Sounds like a priority-spinning, values-wasting, perspective-perverting nightmare, to me — one that makes me glad to be a nobody, and also to hope that if my son actually does manage to be even a little successful in his musical ambitions, he’ll keep someone close-by to him to remind him that, at the end of the day, he’s a fool and an idiot, just like the rest of us; really not all that.

Seriously, if you look at the people who “make it” who manage the fame, the fortune and the power that comes with it, would you really want to change places with them? I wouldn’t. As nice as it might sound to have a vacation home on the Mediterranean or to be able to access a private jet and go anywhere on a moment’s notice — and yes, that does sound great, doesn’t it? — the trade-off is a weird isolation, where you’re traveling among a set of people you probably would never want to be around in other circumstances, but they’re the ones who “make things happen” and “open doors” and besides, you’re no longer in a position where you can stroll into a local corner pub and order a sandwich. Too many strangers, now, too unsafe.

Ah, you know that nothing lasts forever
And it’s all been done before
Ah, but you ain’t got the time to go to Cold Spring Harbor
No more

Worldy success may deliver unto us many, many things — more things than we could ever need or use — but it costs almost everything, too: the sense of personal freedom that comes with anonymity; being able to trust that people are telling you the truth, instead of what you want to hear; losing the efficient friction that comes from hearing the word “no”, from time to time.

There is a whole chapter in Strange Gods devoted to the Idol of Prosperity, and how subtly we serve it; how it confuses society until it insidiously owns all of us; how the “haves” cling to and protect their wealth while the “have-nots” are prompted to simultaneously resent the rich and strive to join them.
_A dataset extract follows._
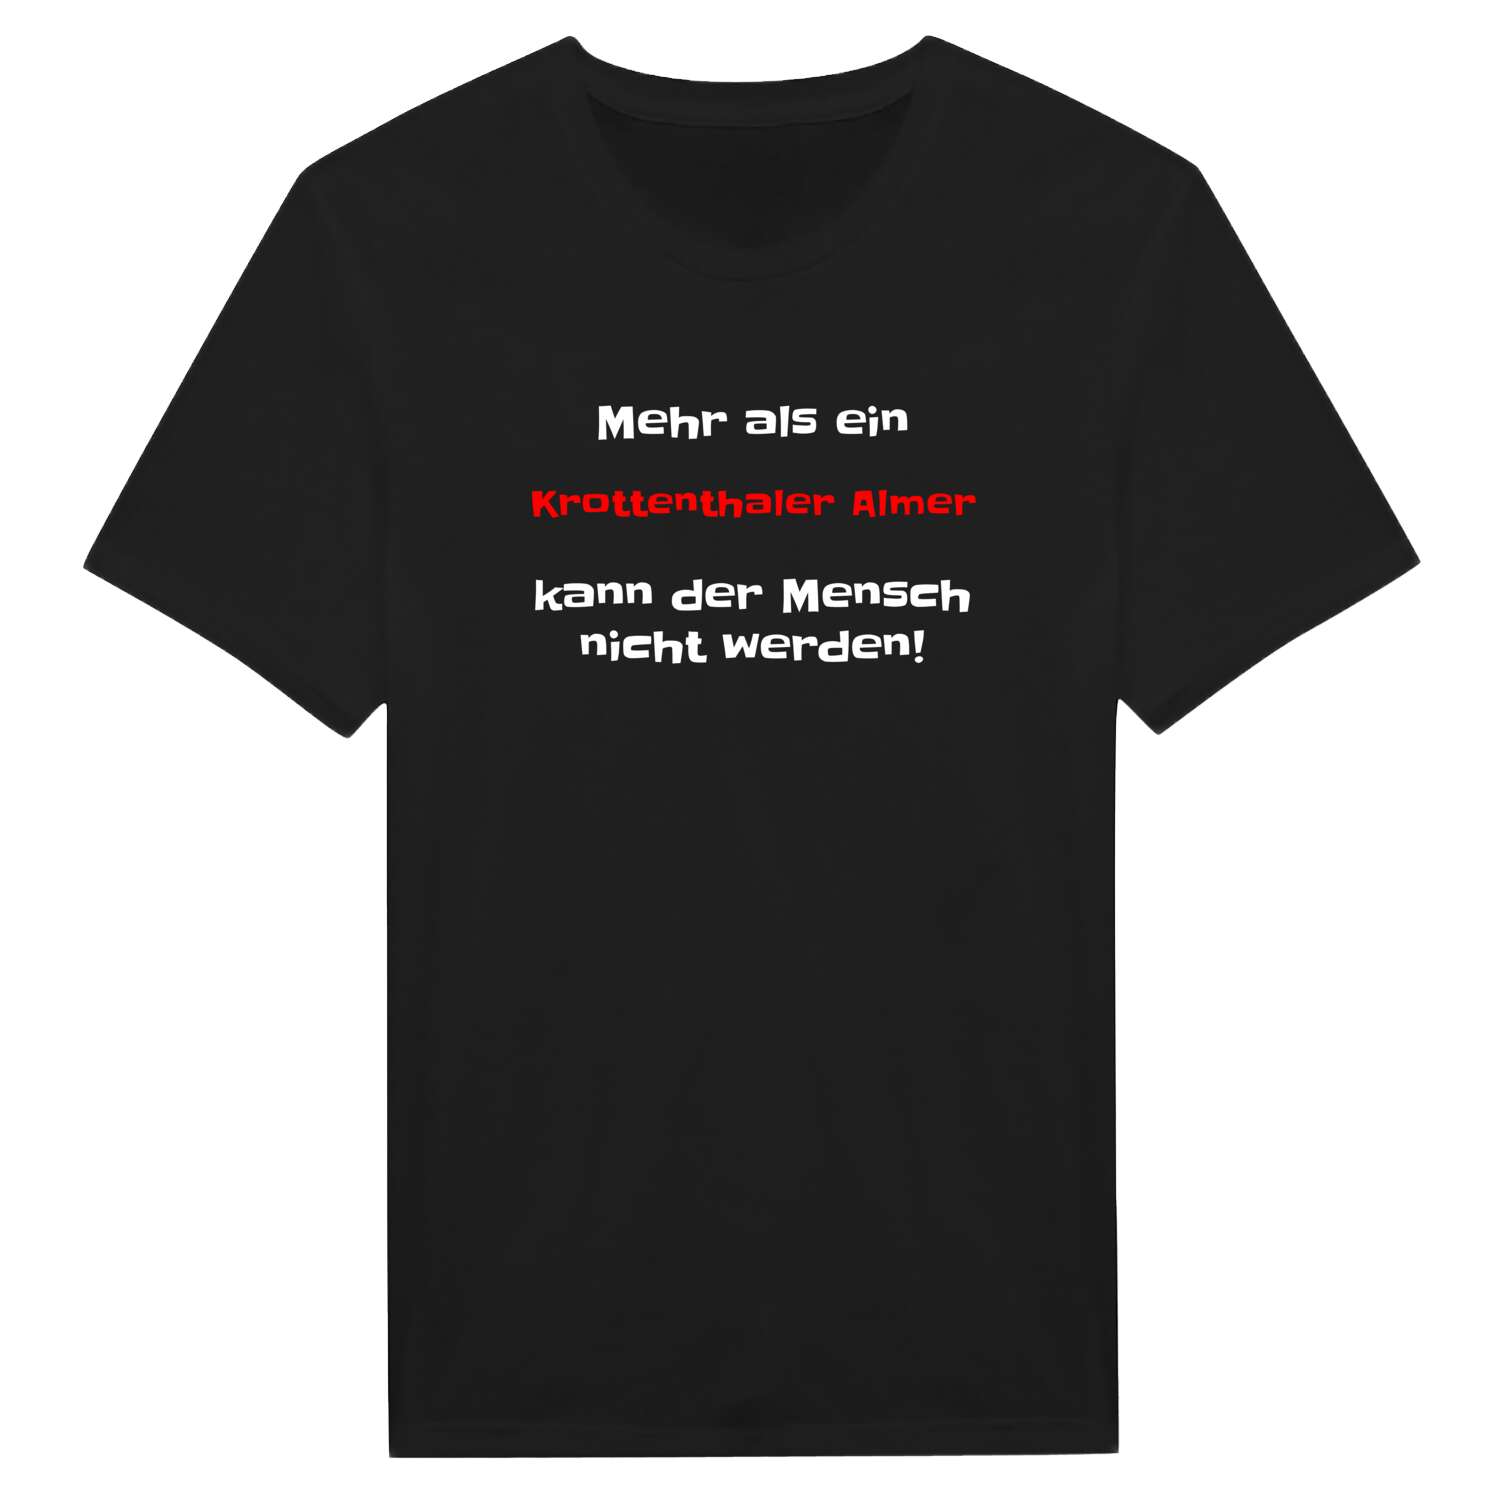 Krottenthaler Alm T-Shirt »Mehr als ein«

When we are wealthy, we are segregated from ordinary people and ordinary realities, things like standing in lines, struggling with bills, and relying on mass transit. We stop identifying with those from whom we are separated. When we can no longer identify with others, we can begin to dehumanize them. When we dehumanize others, we lose sight of God, for we are made in his image, and thus we embrace a dreadful spiritual poverty in which we see only ourselves as a divine image. Rather than our world becoming enlarged, it becomes smaller. Our circle of acquaintances becomes more select, which means our perspective becomes diminished as well. Surrounded by others who are accustomed to hearing only yes and who believe they are charting their own destinies (absent any bothersome God), we turn and away from our better angels. And then we become lonely, and we do not know why.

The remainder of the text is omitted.